MXPA99007374A - Method and apparatus for continuous reduction of microbial activity flow in a liquid product using carbon dioxide presuriz - Google Patents

Abstract

A continuous method using a pressurized flow of liquefied carbon dioxide to reduce microbial and / or enzymatic activity in a liquid product is described. A flow of liquefied carbon dioxide is combined with a pressurized flow of the liquid product. The pressure and temperature in the flow regions are maintained at a level which is sufficient to maintain the carbon dioxide in a continuous liquid state, but which does not freeze the liquid product. The pressurized mixture of carbon dioxide and liquid product flows through a reaction zone for a time sufficient to reduce harmful microorganisms and / or inactivate undesirable enzymes and then enters a plurality of expansion stages wherein the pressure of the The mixture is sufficiently reduced to evaporate the carbon dioxide by separation of the liquid product. Heat is applied in at least some of the expansion stages to prevent a cooling of the mixture flow to the freezing point of the liquid product.
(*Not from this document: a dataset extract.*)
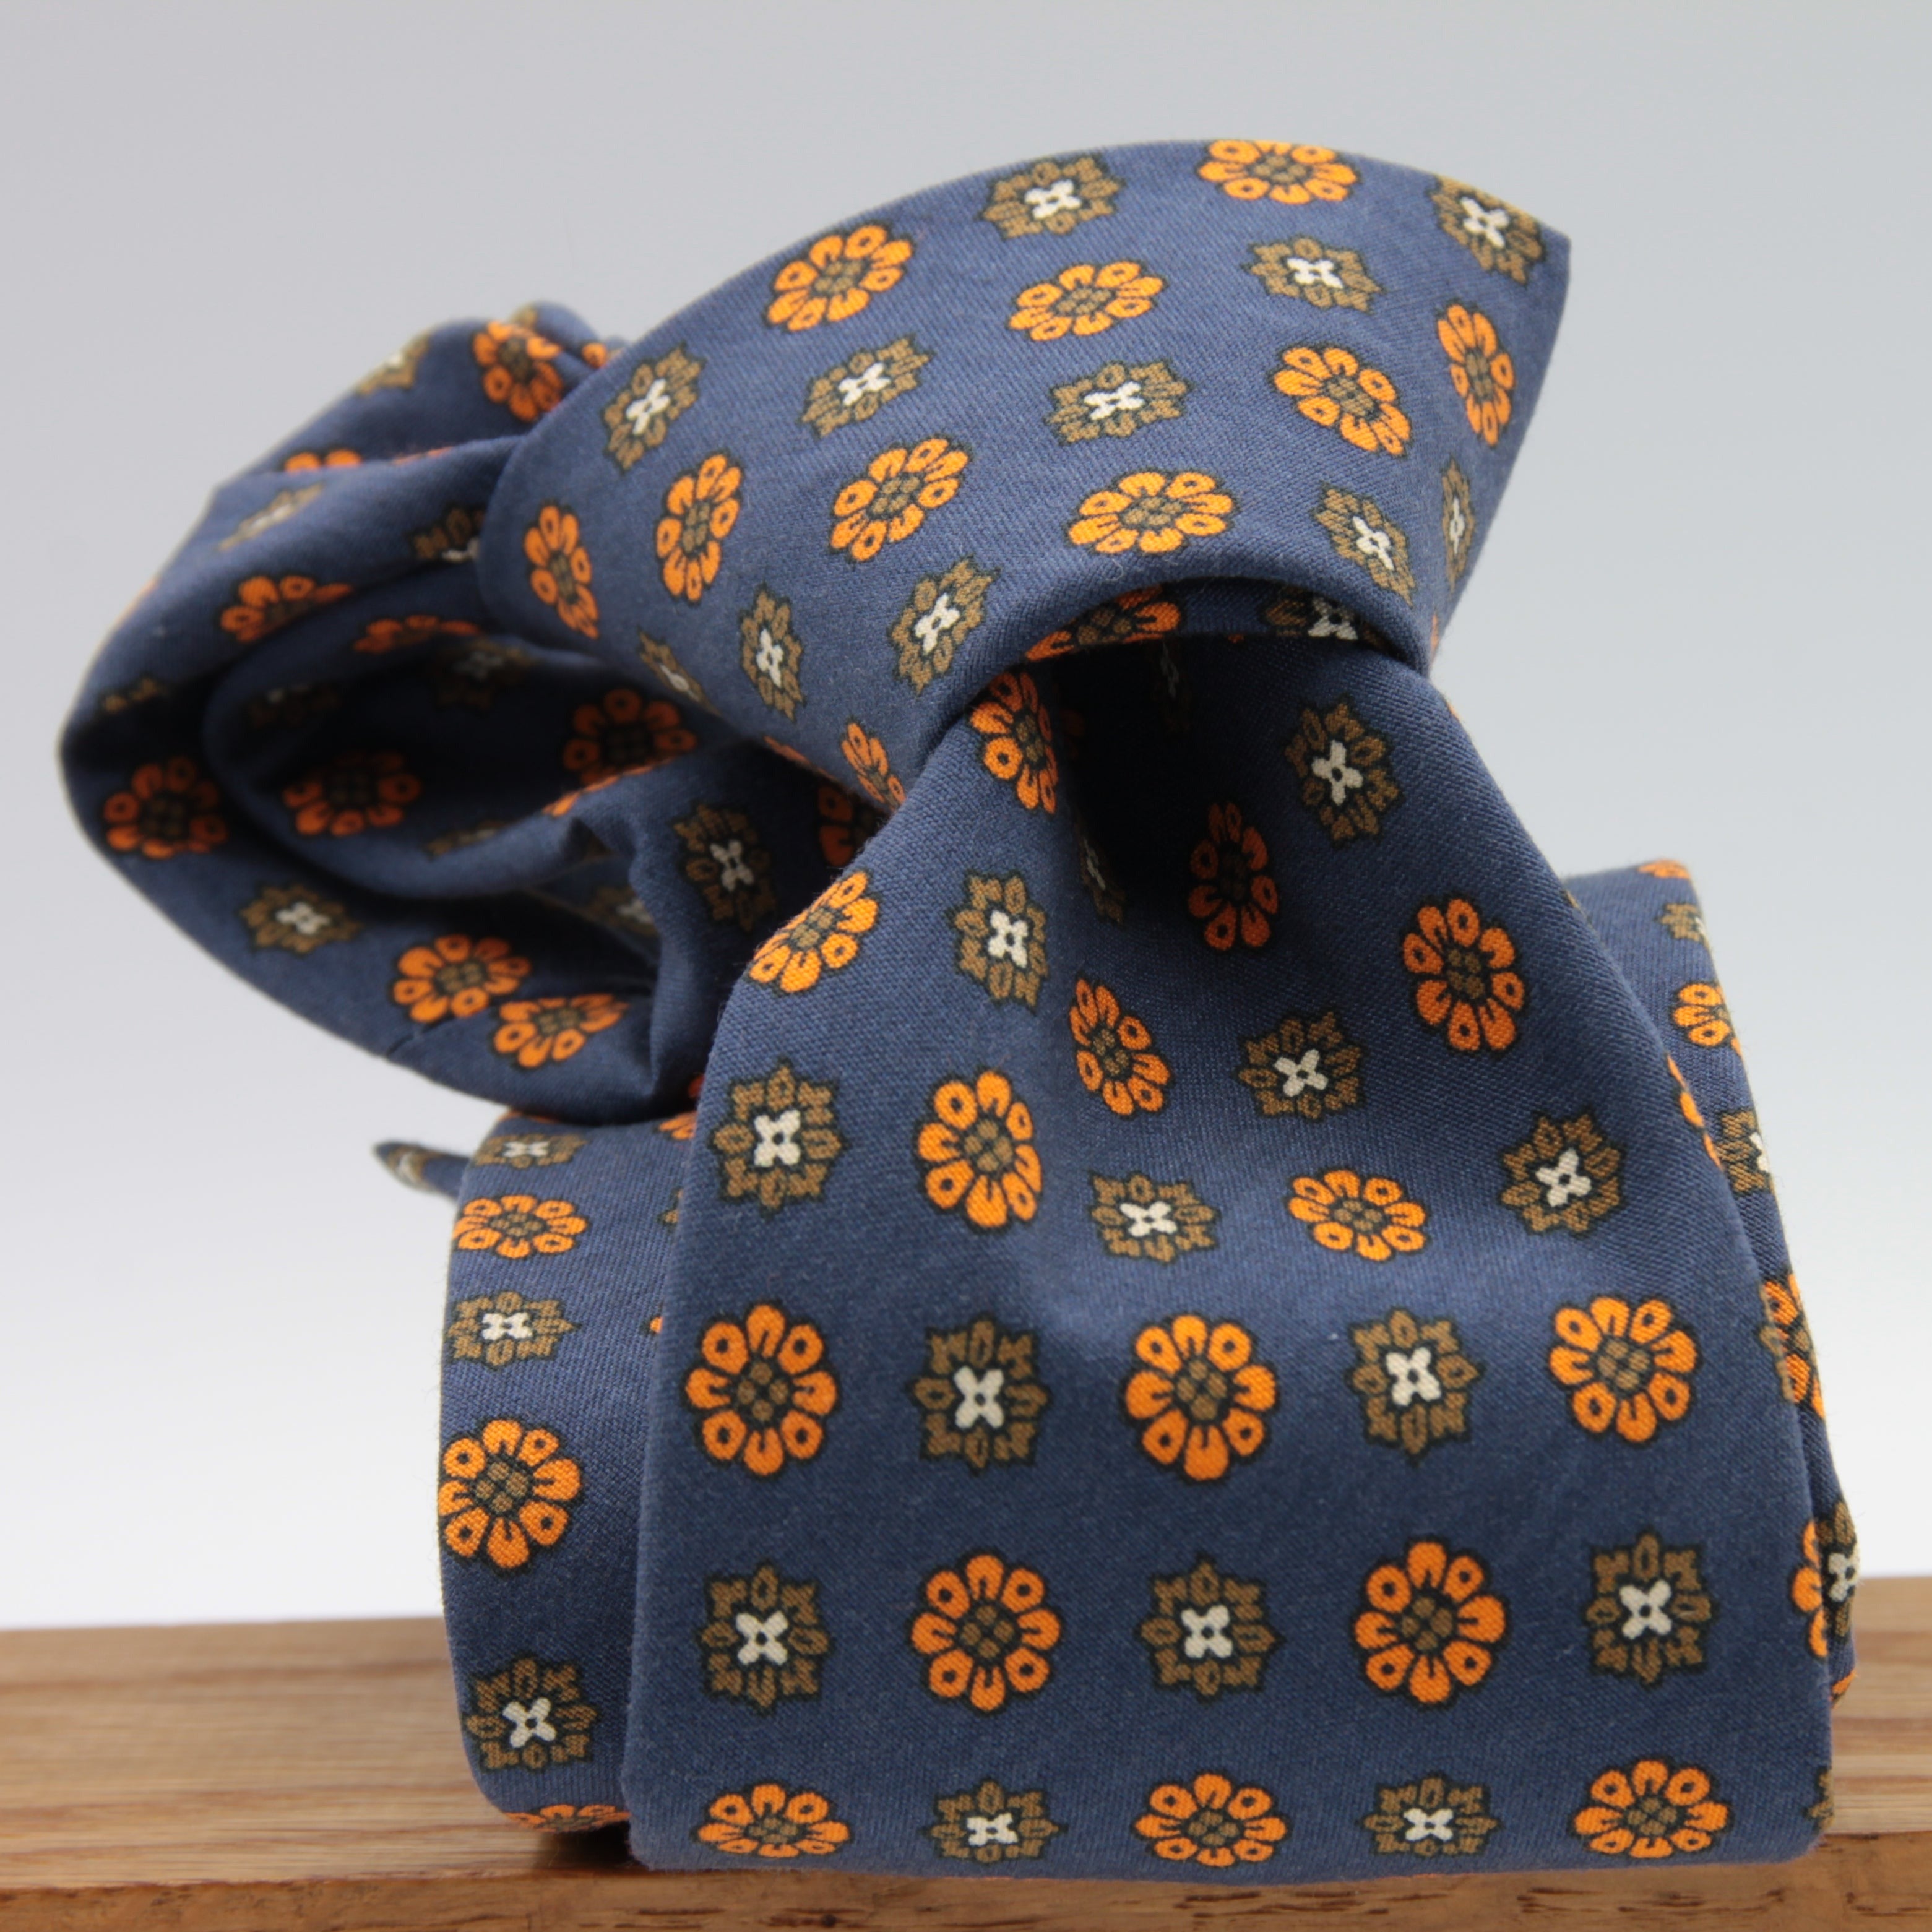 Cruciani & Bella 100% Printed Madder Silk  Italian fabric Unlined tie Blue, Orange and Brown Motifs Tie Handmade in Italy 8 cm x 150 cm #7632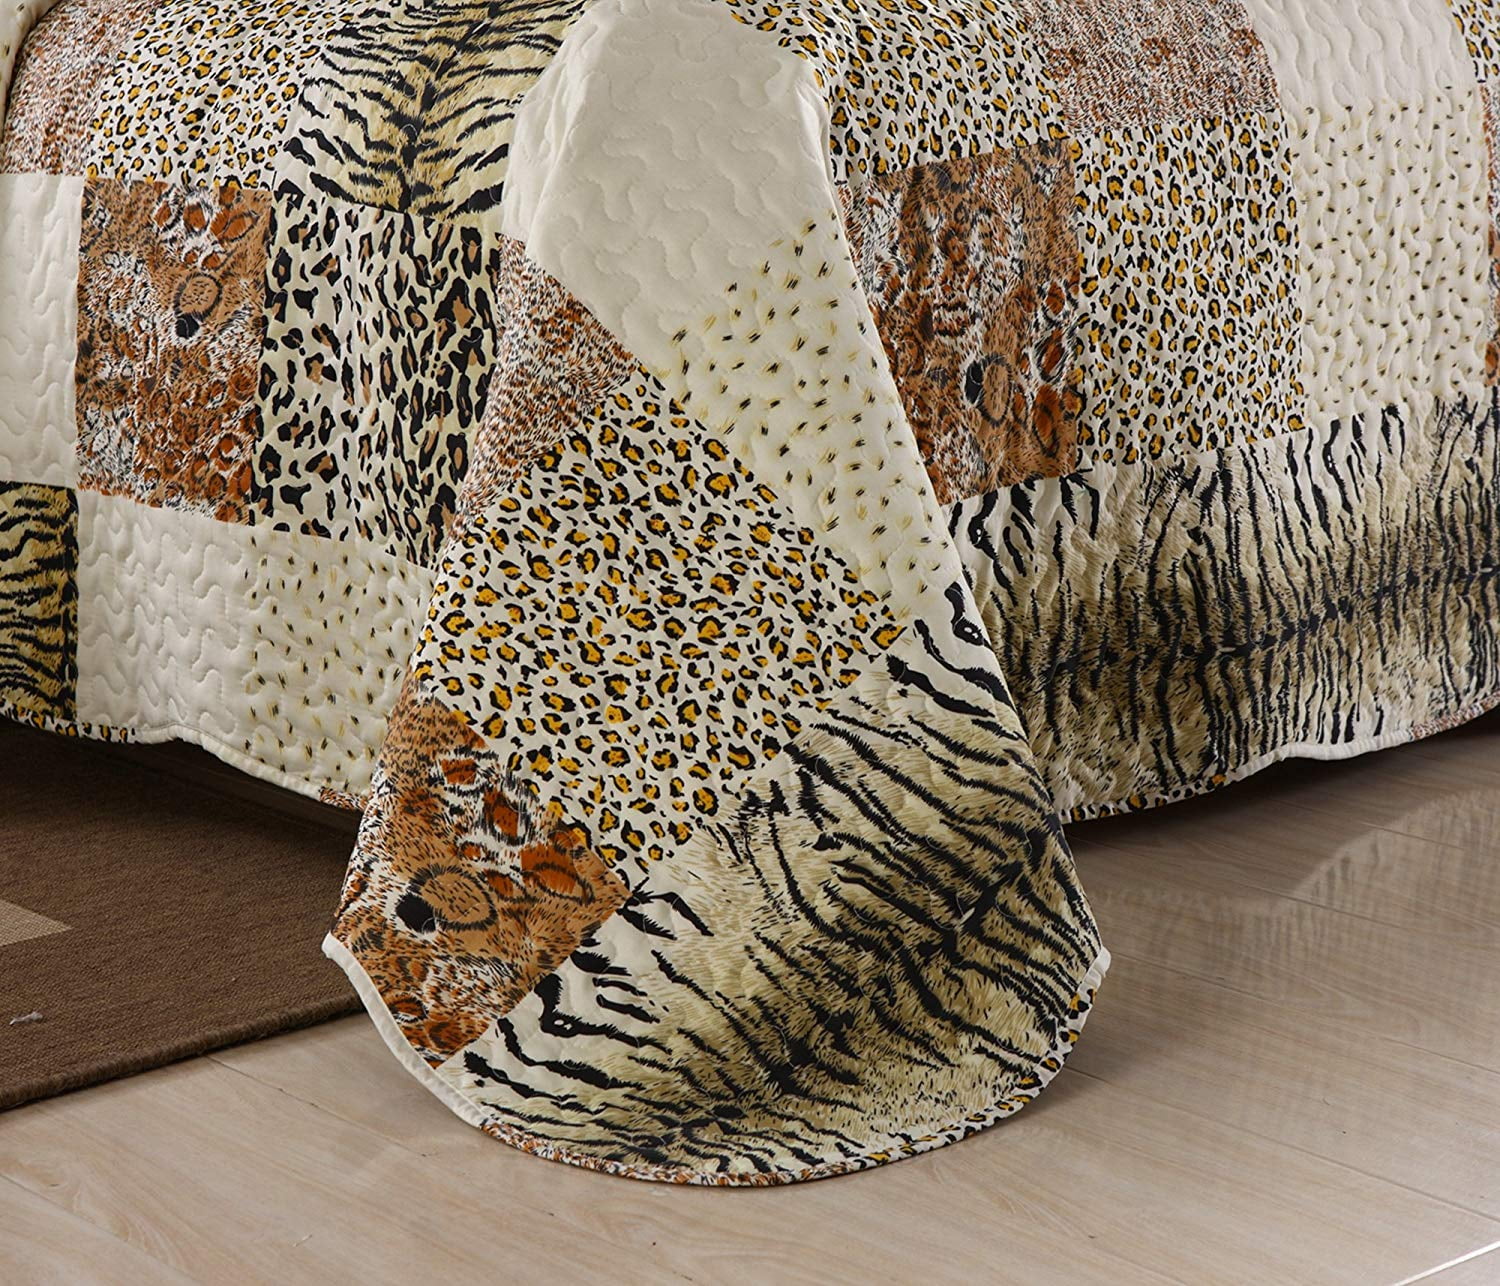 MarCielo 3 Piece Quilted Bedspread Leopard Print Quilt Quilt Set Bedding  Throw Blanket Coverlet Animal Print Bedspread Ensemble Cheetah (Queen)

Heat can be applied to control the temperature of the liquid product such that it does not exceed a temperature at which harmful effects are experienced.

Description

METHOD AND APPARATUS FOR CONTINUOUS FLOW REDUCTION MICROBIAL ACTIVITY IN A LIQUID PRODUCT USING PRESURED CARBON DIOXIDE FIELD OF THE INVENTION This invention relates to a method and apparatus for processing liquids to reduce microbial and / or enzymatic activity in those and, more particularly, to the use of pressurized carbon dioxide to achieve reductions in microbial and / or enzymatic activity. .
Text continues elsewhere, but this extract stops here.